The next step is the application of the Harris algorithm, and we used the “cornerHarris” function [29] in the computer vision library in OpenCV. The parameters of block size and kernel size and the free parameters were set to 4, 3, and 0.04, respectively. The detected corner point candidates (set of pixels) are shown as red points in Figure 16. Figure 16a shows an example of a stack consisting of three layers, and Figure 16b shows the case of one layer. In these cases, the corner points that were visually estimated are included. Some pixels are mistakenly recognized as corner points; however, these points can be excluded by checking their (x, y) coordinates.

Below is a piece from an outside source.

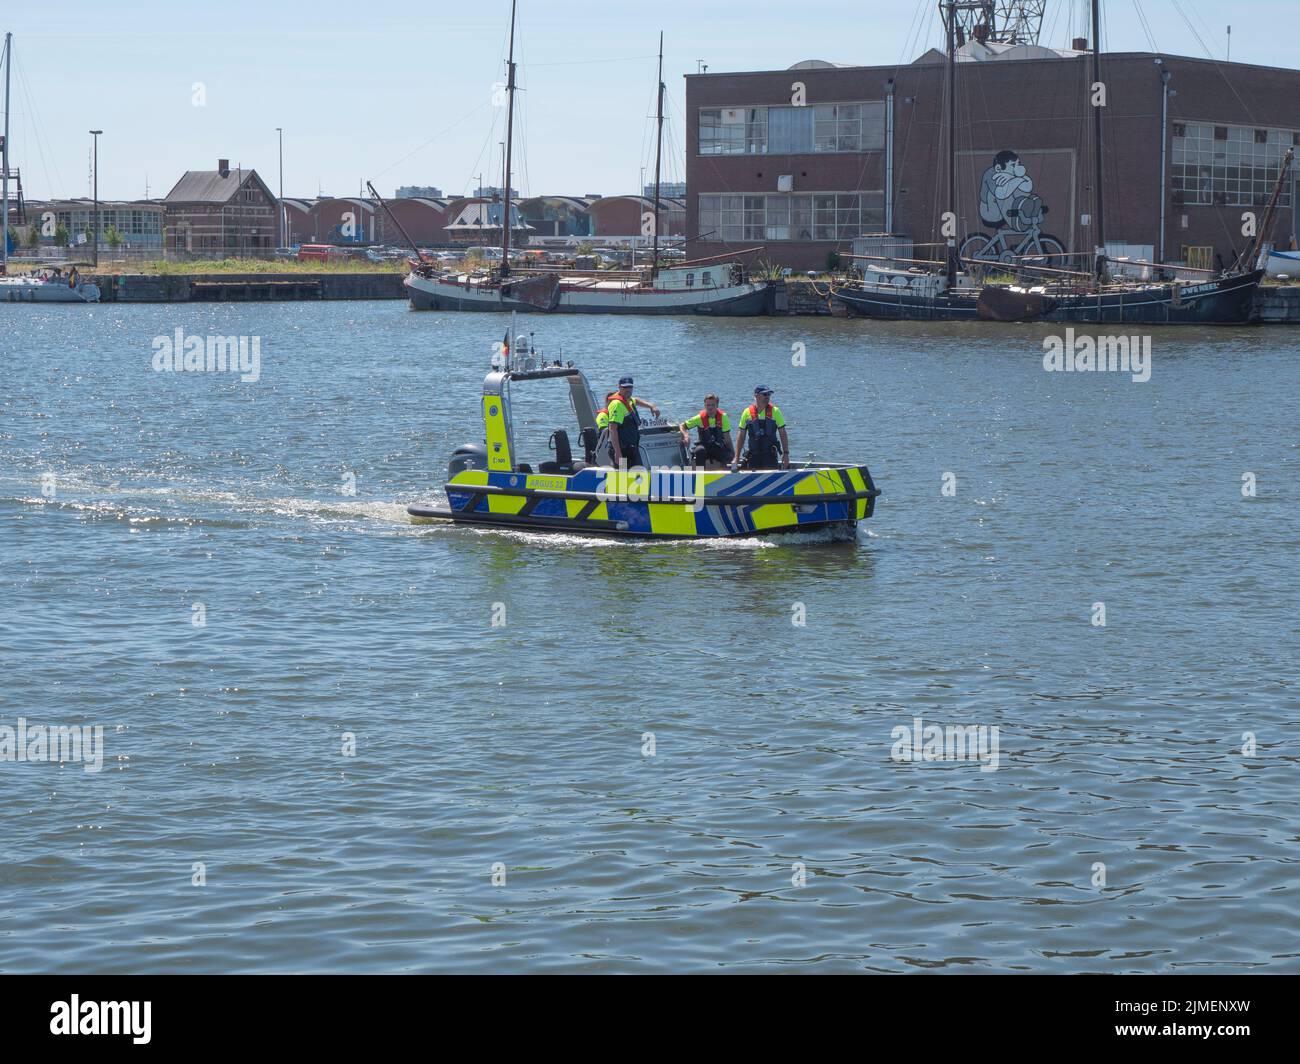 Anversa, Belgio, 24 giugno 2022, la polizia marittima pattuglia con la loro barca combinata sul fiume Scheldt durante le gare di Tall Ships Foto Stock

4.5. Bin Picking by Robotic Arm

The “Bin Picking by Robotic Arm” process shown in Figure 6 creates a picking plan for the given bin picking problem. This plan is represented by a table, and the robotic arm picks one workpiece at a time based on the table. The picking plan generated for the bin picking problem shown in Figure 12 is presented in Table 1. As shown in the “Estimation of Layer Number (EL)”, the accuracy of depth estimation is 100%.
The picking plan consists of 3-D coordinates: mm, angle [deg], and contacts between the end effector and the workpieces. The origin in the xy-coordinate system is set to the top-left pixel, and the origin of the z-coordinate (depth) is on the stage above which the stack of the workpieces is placed. As shown in Figure 10, the angle is defined as the smaller angle between the end effector and the x-axis. When the end effector rotates clockwise to grip a workpiece and it contacts another workpiece “w”, it is represented as “c:w” in the column “Contacts”. Similarly, “cc:w” is filled when the rotation is counterclockwise. In the experiment, the height of the workpieces is 10 mm, and the number of layers is three. As shown in Table 1, the z-coordinates (depth) are 10, 12, 21, 22, and 31, corresponding to the layers in which the workpieces are placed. This means the maximum error of the estimated depth is 2 mm, and it is not a problem if the maximum error is less than half of the workpiece height in the given bin picking problem, as shown in the evaluation metrics. According to the picking plan shown in Table 1, workpiece “No. 4” is chosen in the first picking, as shown in Figure 17.
By using the image after removing the “No. 4” workpiece, the stereo matching process is repeated. As a result, the picking plan shown in Table 2 is generated, and the picking process is executed based on the plan. Here, workpieces “No. 1”, “No. 3”, and “No. 5” are on the top layer, and it is shown that the end effector contacts with the workpieces “No. 3” and “No. 5” when they are picked. Based on this result, for workpiece “No. 3”, a clockwise rotation is chosen for the end effector. Then, workpieces “No. 5” and “No. 1” are picked up in this order. The picking process is shown in Figure 18. The maximum error of depth estimation is 2 mm, and the accuracy of depth estimation is 100%.
All workpieces are similarly picked up, and thus, the given bin picking problem is solved. The next picking process is shown in Table 3 and Figure 19, and the maximum error of depth estimation is 2 mm. In this stage, the accuracy of depth estimation is 100%.
The picking operation of the workpieces by the robotic arm in the first stage is shown in Figure 20 as an example. At the end, the robotic arm successfully picks up all workpieces.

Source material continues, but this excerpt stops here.